1. The Relationship Between ‘Gelatinization’ and Digestion Speed
The speed at which a carbohydrate raises blood sugar is closely related to its degree of ‘gelatinization.’ ‘Gelatinization’ is the process where starch, when heated with water, swells, softens, and becomes easy to digest. The more gelatinized a food is, the faster it is digested and absorbed, and the more sharply it raises blood sugar. (e.g., the degree of gelatinization increases from raw rice -> cooked rice -> porridge).
2. Raw Ramen vs. Boiled Ramen
– Boiled Ramen: Boiling the noodles in hot water is a process that ‘maximally gelatinizes’ the starch. These soft, well-cooked noodles are digested and absorbed very quickly by our body.
– Raw Ramen: Although the noodles in a package of instant ramen are already cooked once by frying, they are in a dry state with no moisture. The starch in this state is less gelatinized, making it harder for our body’s digestive enzymes to break down. The process of crushing and chewing the hard noodles also requires more time for digestion.
3. Conclusion
Therefore, for the same amount of ramen, eating it raw and crushed results in a slower digestion and absorption speed, and thus a more gradual rise in blood sugar, compared to eating it boiled.

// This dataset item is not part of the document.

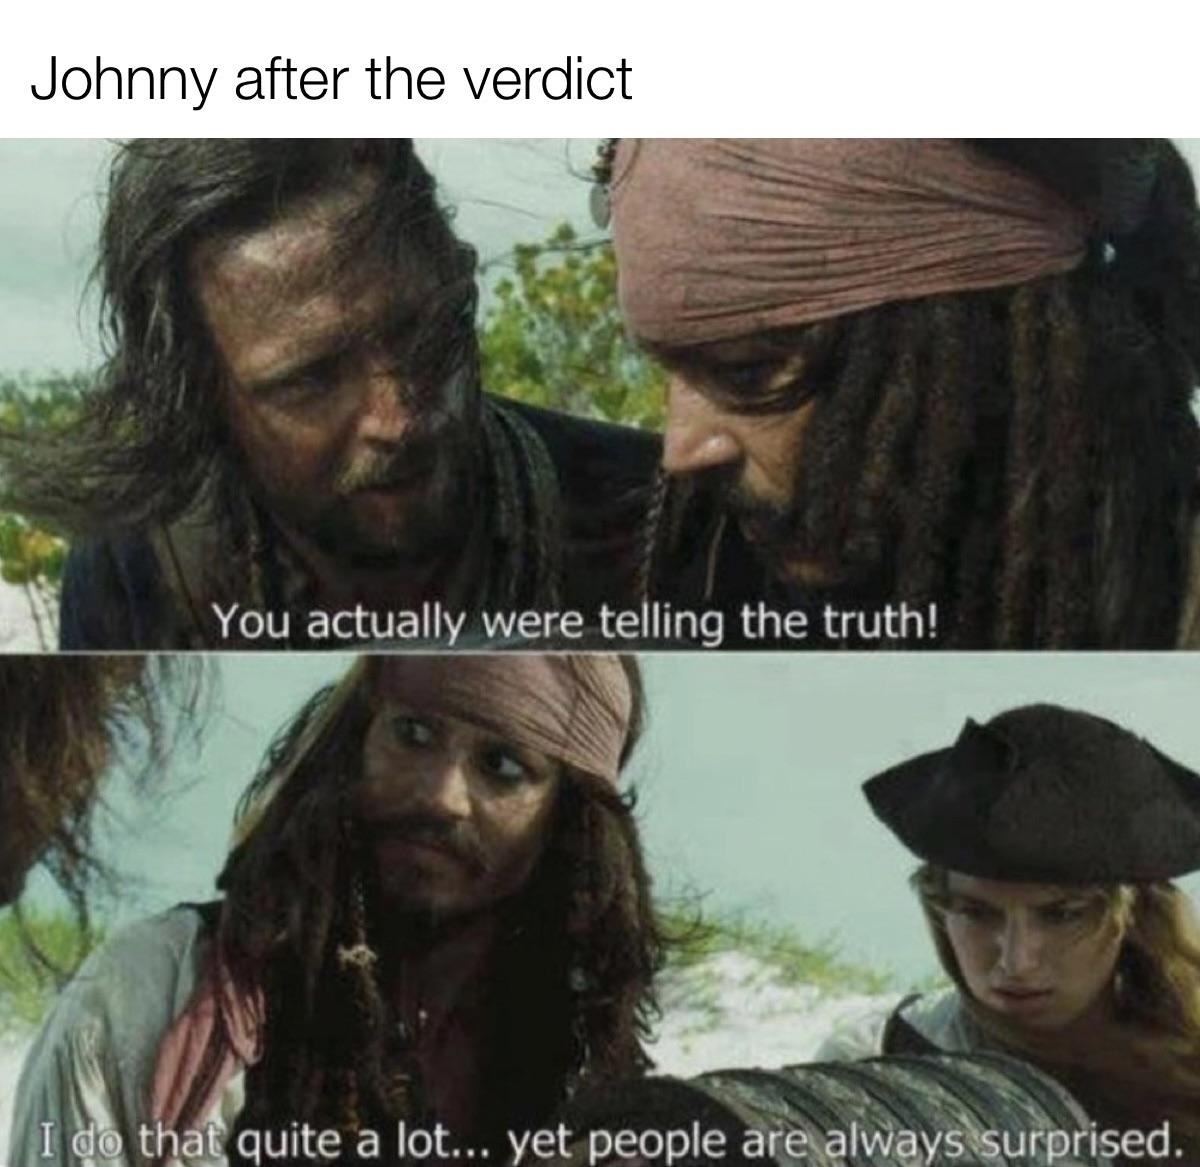 dank memes - you were telling the truth jack sparrow - Johnny after the verdict You actually were telling the truth! I do that quite a lot... yet people are always surprised.

However, this does not mean that raw ramen is a good snack for diabetes. The fundamental nature of raw ramen as a ‘fried refined carbohydrate’ does not change, and sprinkling the accompanying soup packet on it means consuming a massive amount of sodium. From all aspects of health and blood sugar, it is best to avoid ramen.
Summary: Eating instant ramen raw, without boiling, tends to raise blood sugar more slowly than eating it boiled, because the starch is less gelatinized, slowing down digestion and absorption.